How to complete this task:
Copy each line, word for word, from the one with "Řemínek SmoothBand pro" through the final line of the listing, but skip the pictures.

Data provided:

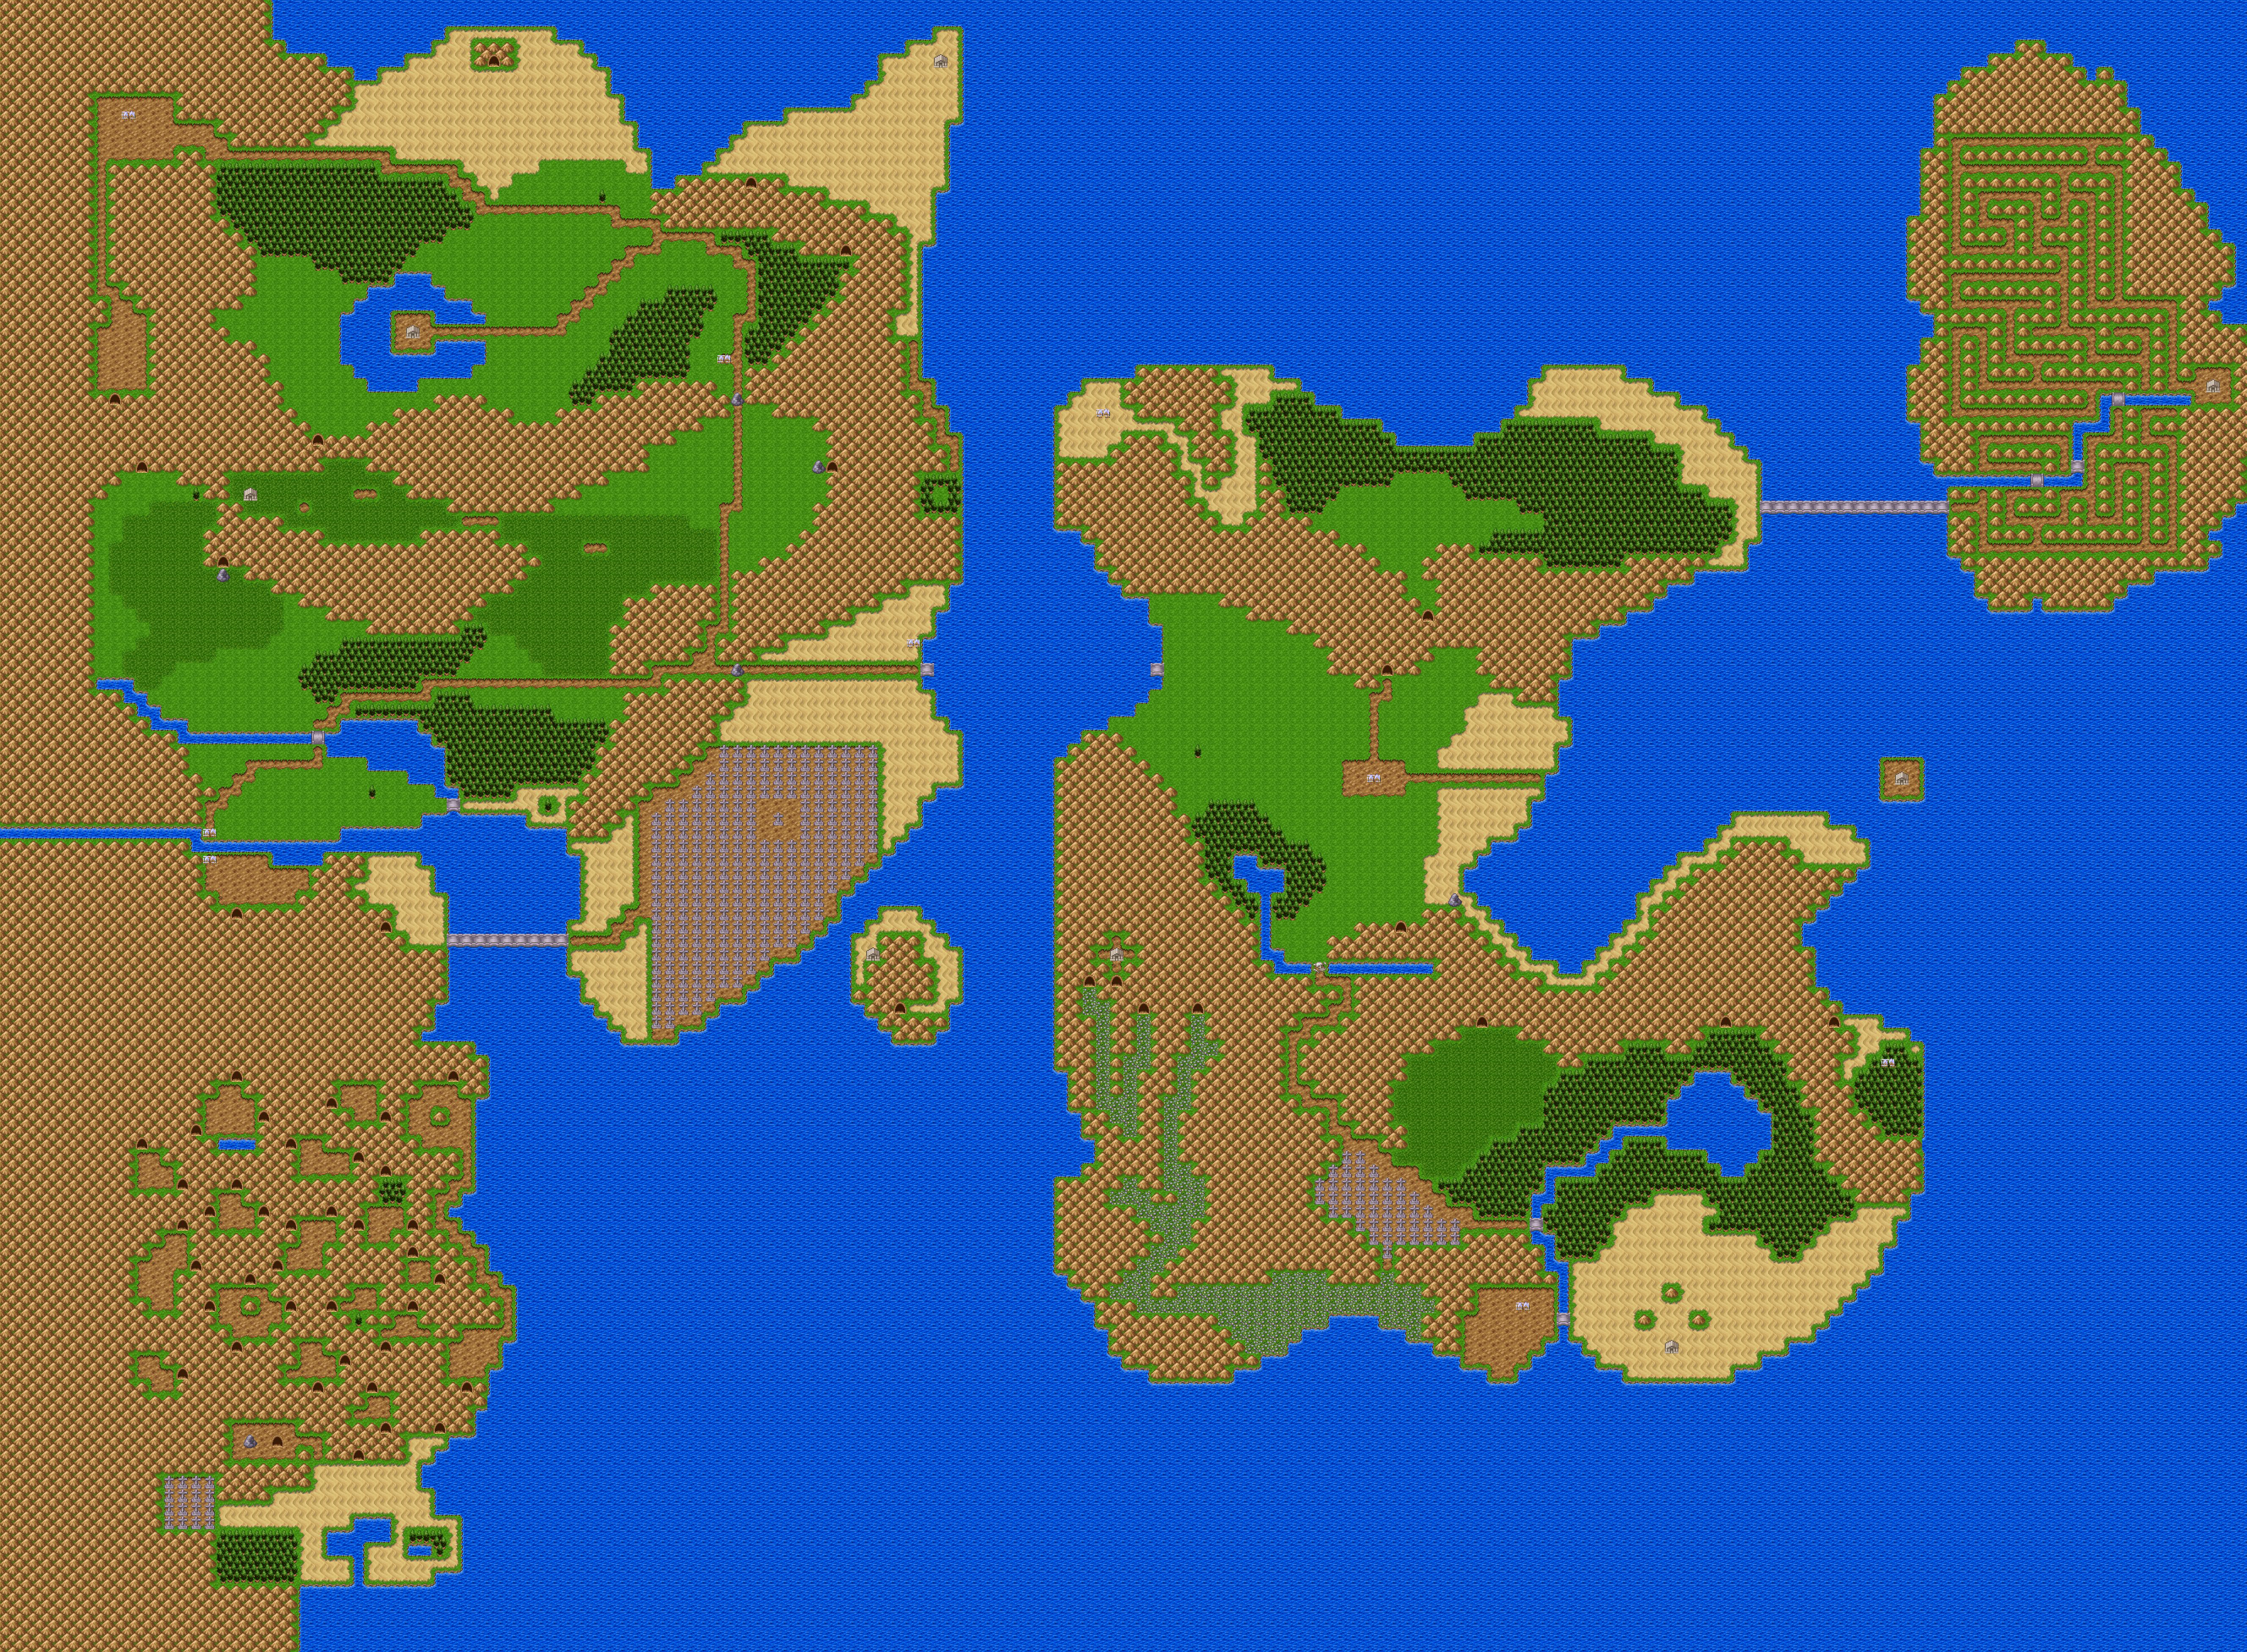 Zelda ii map zelda ii the adventure of link overworld map zelda map zelda ii the adventure of link overworld map gumiabroncs Image collections
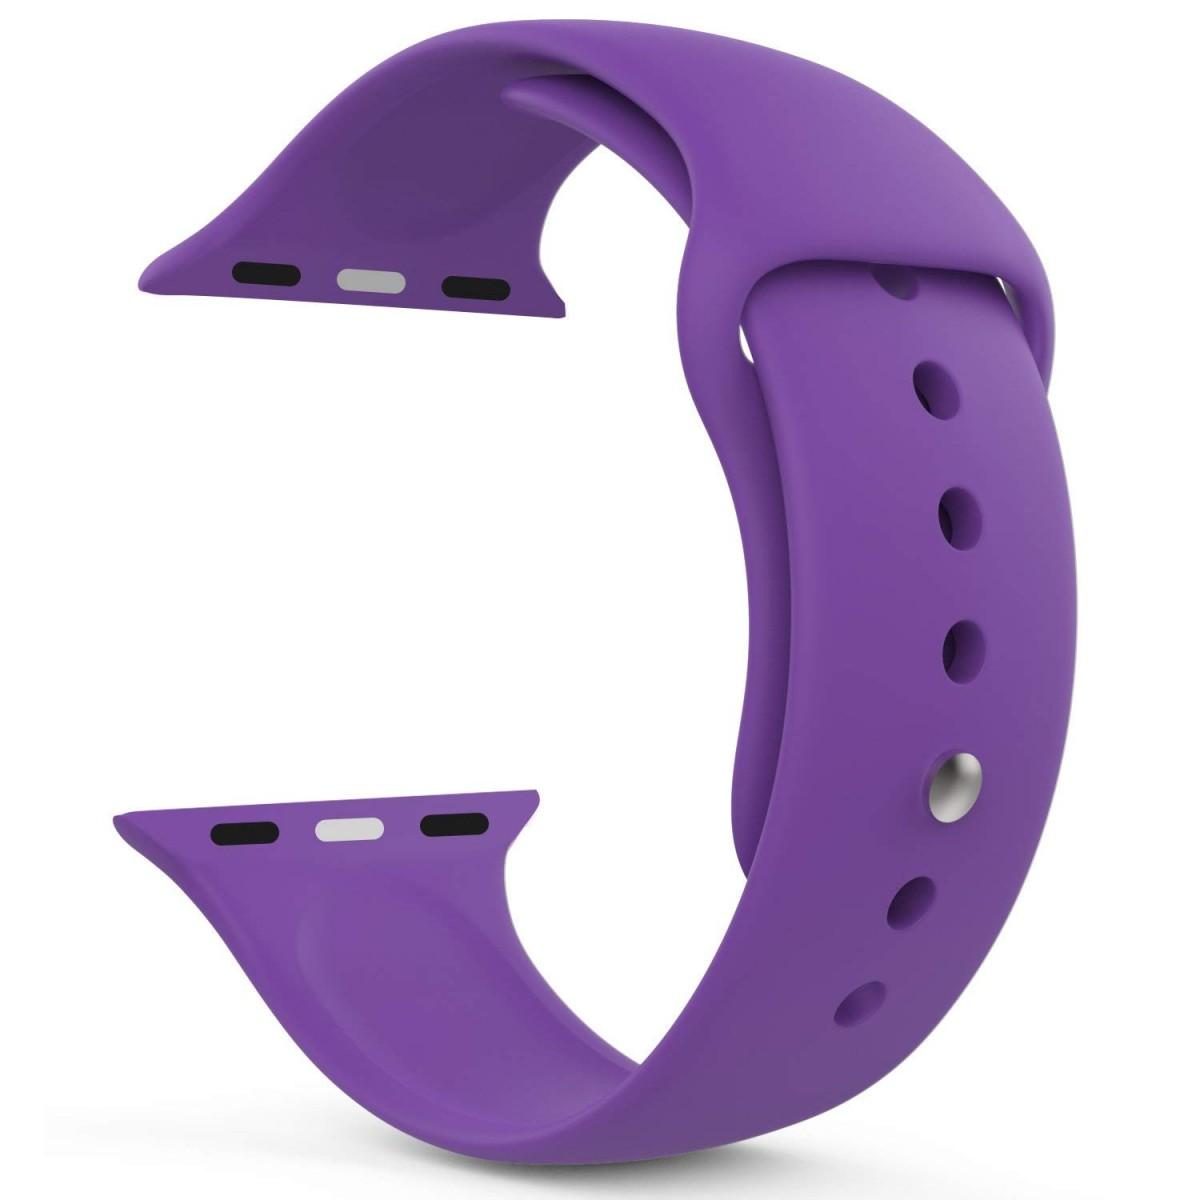 Řemínek SmoothBand pro Apple Watch Series 3/2/1 42mm - Tmavě fialový
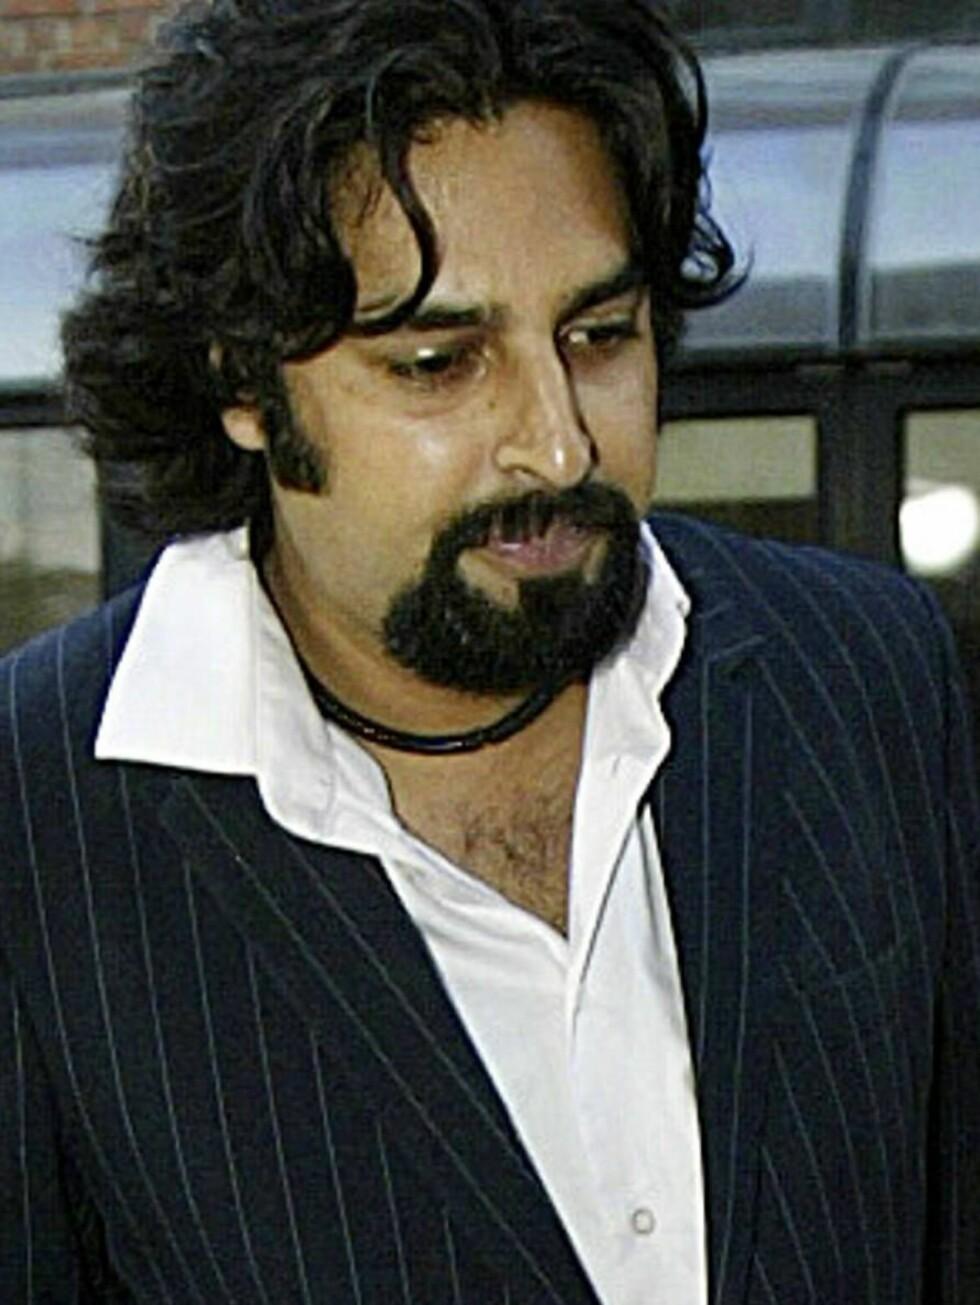 SIKTET: Zahid har innrømmet å ha kastet ølglasset. Tidligere er han idømt en bot for en bombespøk mot Den norske opera. Foto: SCANPIX

Solution to this exercise:
 Řemínek SmoothBand pro Apple Watch Series 3/2/1 42mm - Tmavě fialový
 SIKTET: Zahid har innrømmet å ha kastet ølglasset. Tidligere er han idømt en bot for en bombespøk mot Den norske opera. Foto: SCANPIX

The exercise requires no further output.